Upon the decease of the owner of real estate, it descends to and vests in his heirs at law, unless otherwise disposed of by his will. It vests in his heirs, however, subject to the payment of his debts. But until a sale is lawfully made for that purpose the heirs may enter upon the estate and receive the rents and profits. Their interest is determined only by the sale. Gibson v. Farley, 16 Mass. 287. Boynton v. Peterborough & Shirley Railroad, 4 Cush. 467.

This is true also of the estate in which the deceased had an equitable interest, which he had purchased of the city of Boston, upon which he had erected dwelling-houses, and of which he was in possession at the time of his death. Rev. Sts. c. 61, § 1; c. 74, §§ 8-14. Reed v. Whitney, 7 Gray, 533.

The real estate of Lobdell was disposed of by his last will and testament. In the portion devised in trust for his daughters, the heirs at law, as such, have of course no interest. But, in relation to so much as was devised to the widow, she, as she had a legal right to do, waived the provisions of the will. Of this estate there is no devise over. The devise fails, and the estate descends as intestate estate to the heirs at law.

The plaintiff is one of three heirs at law who take the estate devised to the widow, and the devise of which fails by her waiver of the provision of the will. The plaintiff would therefore be entitled to the possession of one third of such estate, or of the rents and profits of one third until the same is sold for the payment of debts; that is to say, she is entitled under the facts agreed to one third of one half of the rents received by the administrators, subject to the deductions hereafter stated.

By the agreed statement of facts it appears that the administrators in the collection of the rents and in the management and care of the estates acted as the agents of all the parties in interest. And from the amount to be accounted for as rents are first to be deducted the sums expended for repairs upon the real [239]*239estate, for interest upon the mortgages, for taxes and insurance, and a reasonable compensation to the administrators for their services in the care of the estates and collection of the rents.
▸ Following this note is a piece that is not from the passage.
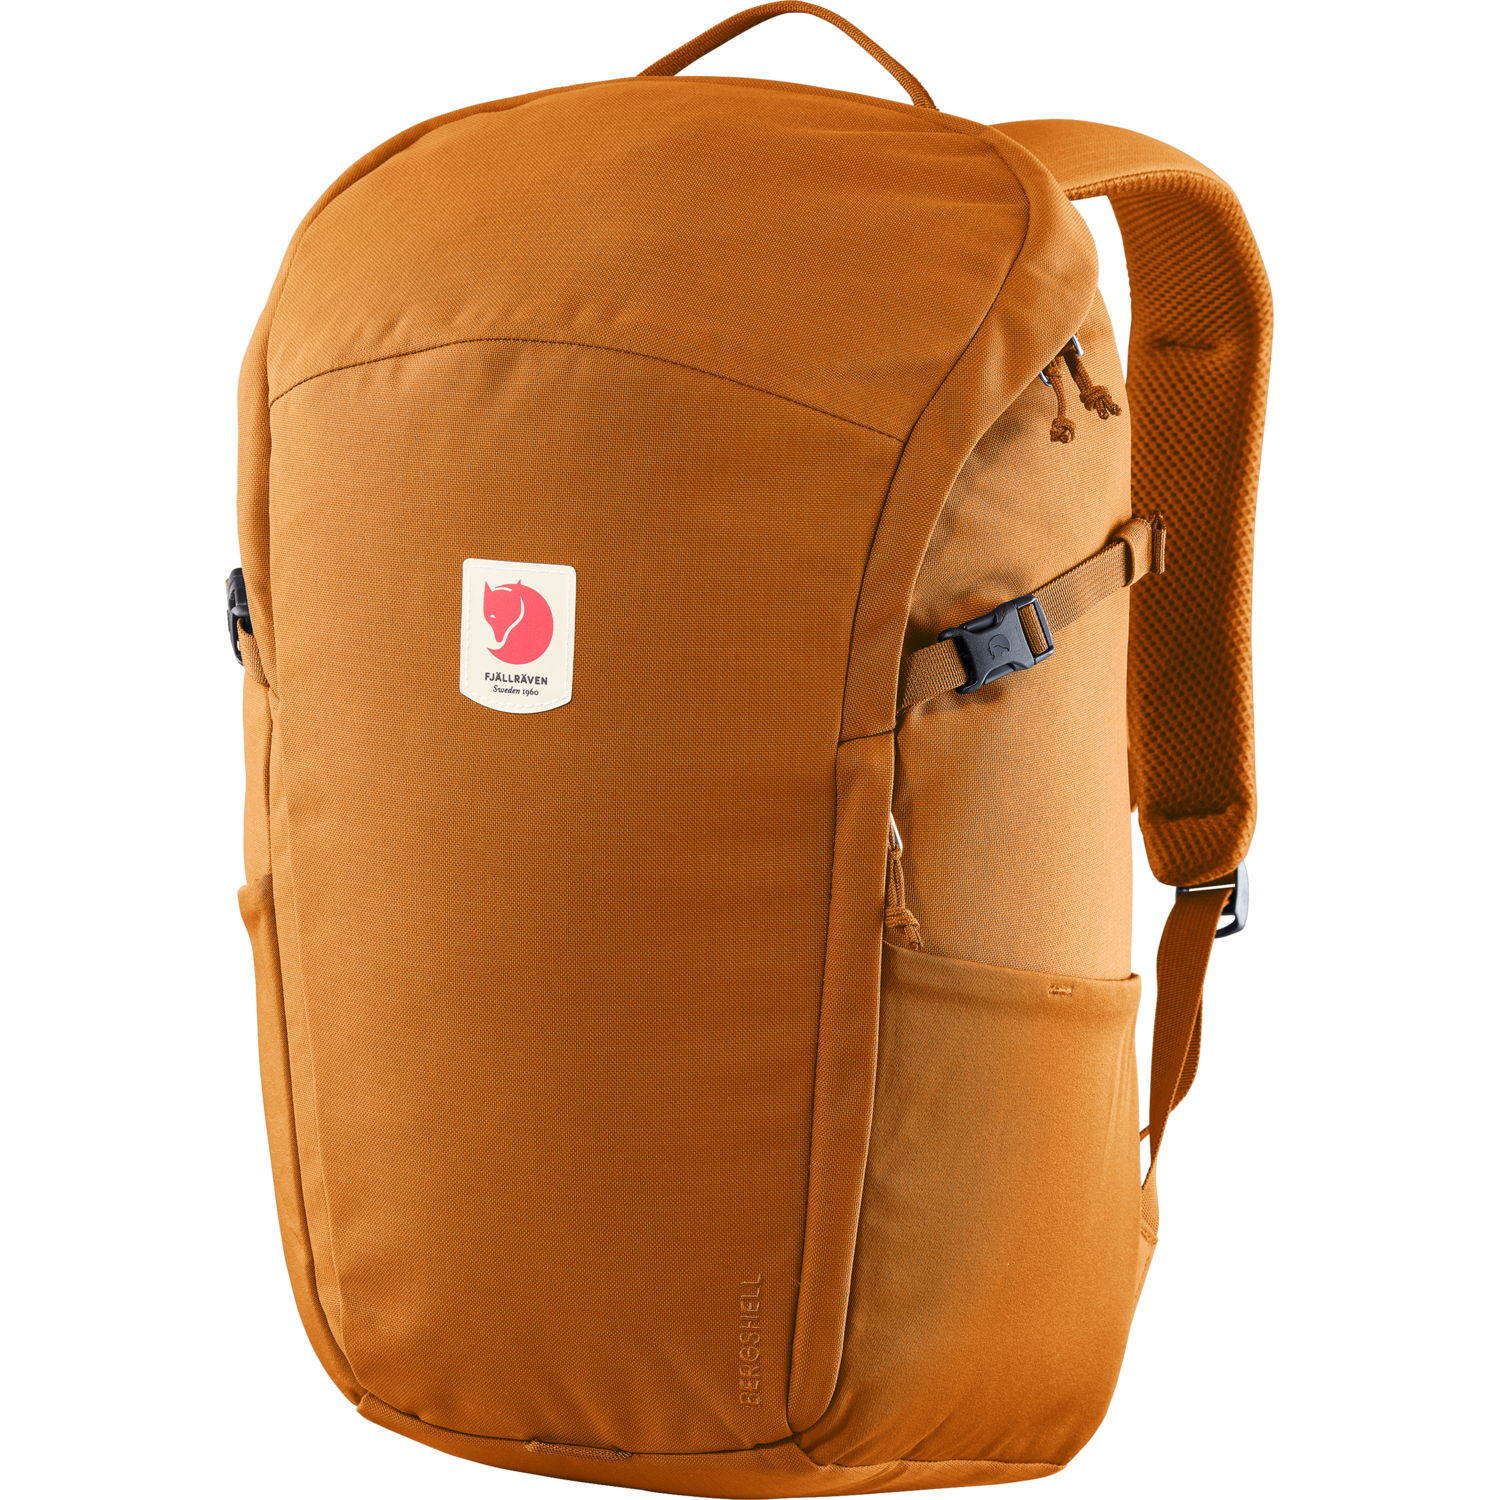 red gold ulvo 23 backpack
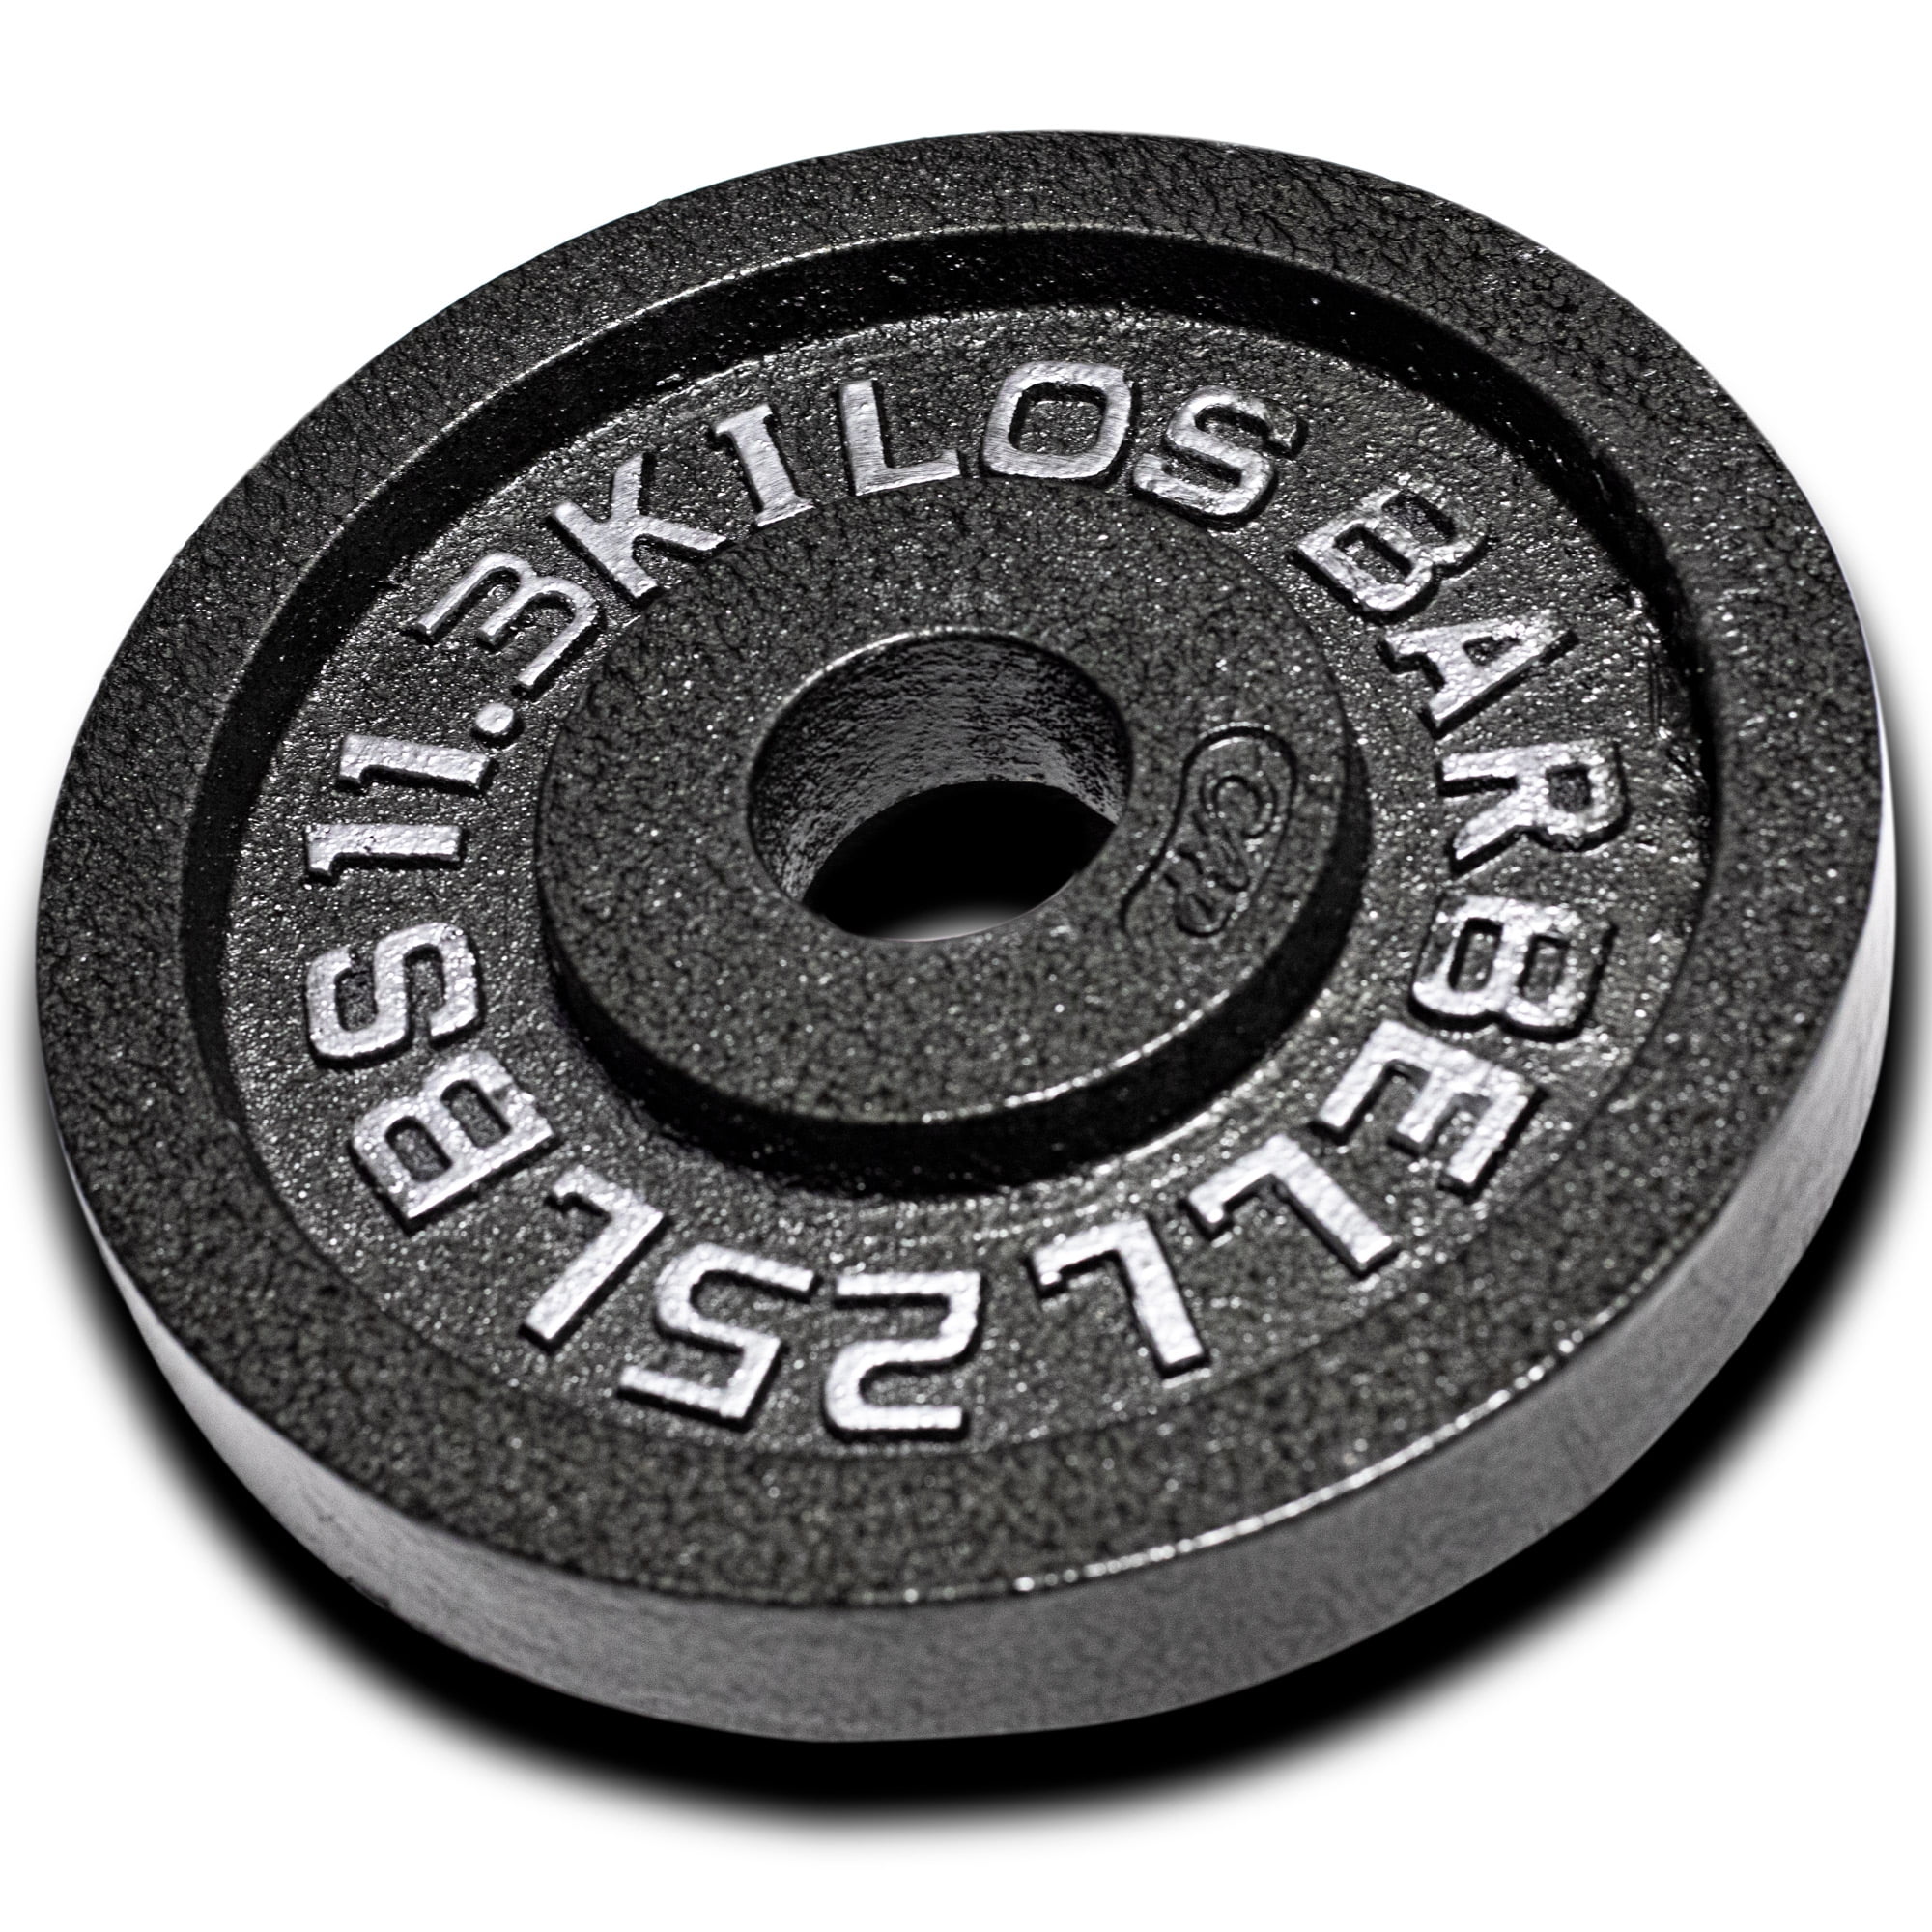 Cap 2.5 lbs Plates Set of 2-5LBs Total 1 Inch Hole Weight Training

As to the rents received from the houses in Medford Court they must be held to abide the decision in the suit of Montague v. Lobdell.

The demand of the widow upon the administrators for dower was of no avail, so far at any rate as it applied to the estates which, by her waiver of the provisions of the will, descended to the heirs at law, and no deduction is to be made from the plaintiff’s share on that account.

If the parties are unable to agree upon the amount to be paid to the plaintiff, under the rules above stated, the case must be sent to an assessor to fix the amount.

Judgment for the plaintiff.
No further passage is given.